Mikhail Andreyevich chewed some more on his lip, which looked abused, macerated. This was unbecoming. “What do you know about him?”
“He’s—Well, he’s the chess champion.”
“Yes. Very good.”
“And he’s running for president.” I felt like a child.
“But you know his campaign is a stunt, right? You know he knows he will not win.”
This man, it was becoming obvious, was disgruntled—and so the strange, sharp-edged defensiveness that was emerging in me was, I told myself, obviously unwarranted. Bezetov’s moral credentials were impeccable. I tried to sound light, unguarded, as though I were arguing a point of politics or philosophy, nothing personal, nothing brutal. How much I’d loved to argue about those things once.

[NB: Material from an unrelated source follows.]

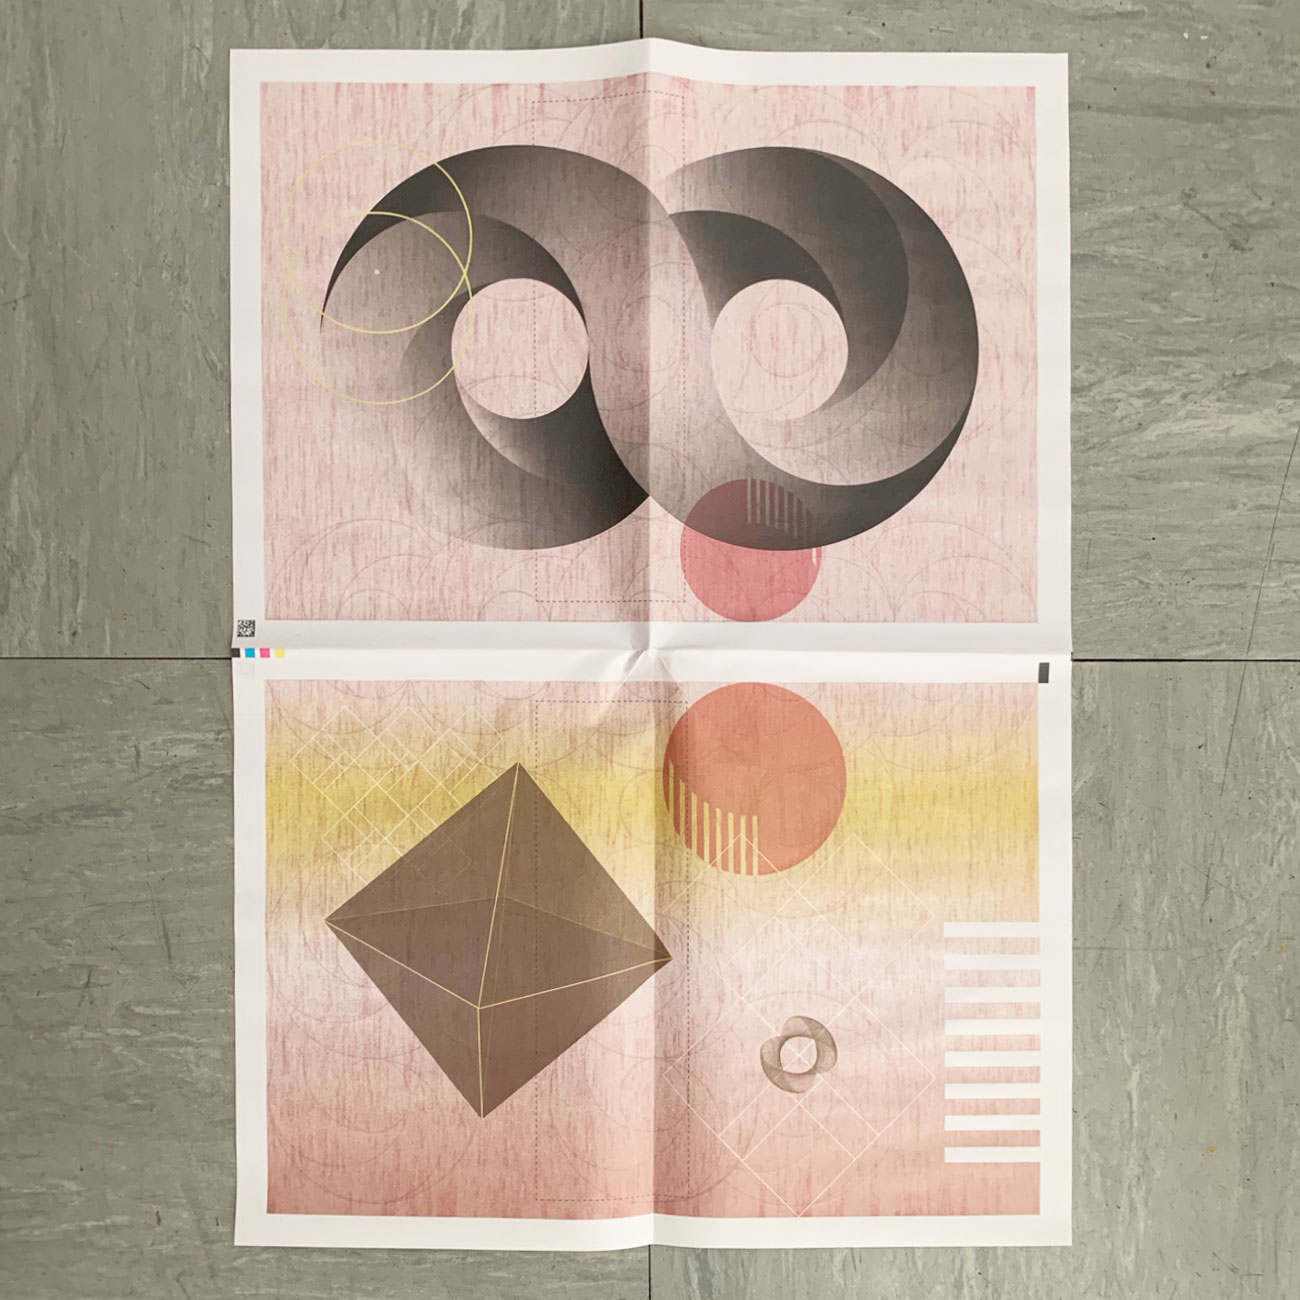 Einpackpapier, acht, Design by Tanja Kischel, Grafik,

“Sure, he knows he won’t win,” I said, “but that’s what’s impressive about it. That’s what’s brave about it. That’s the point.”
“Is it? I don’t know about that.”
“What is the point, then?”
“The question isn’t whether you like your revolutions fast or slow—it’s whether you like them temporary or permanent. Bezetov absorbs the attention, the money, the support from more pragmatic people—people who might have an actual shot at election and who could reform moderately from within. Bezetov gets the limelight because of his fucking chess career, and everyone thinks, Oh, how spectacular! How dazzling! Chess strategy at the state level, and all that makes for a compelling narrative. I will never understand that man’s public relations situation. It’s extraordinary. No matter what he does, he gives the entire Western world a boner. But what’s the best thing for Russia, really? Is it losing their chances again on some aging chess star’s vanity project? Or is it electing some serious people who will pull and tug and compromise their way to a more humane life? What’s the brave thing, really?”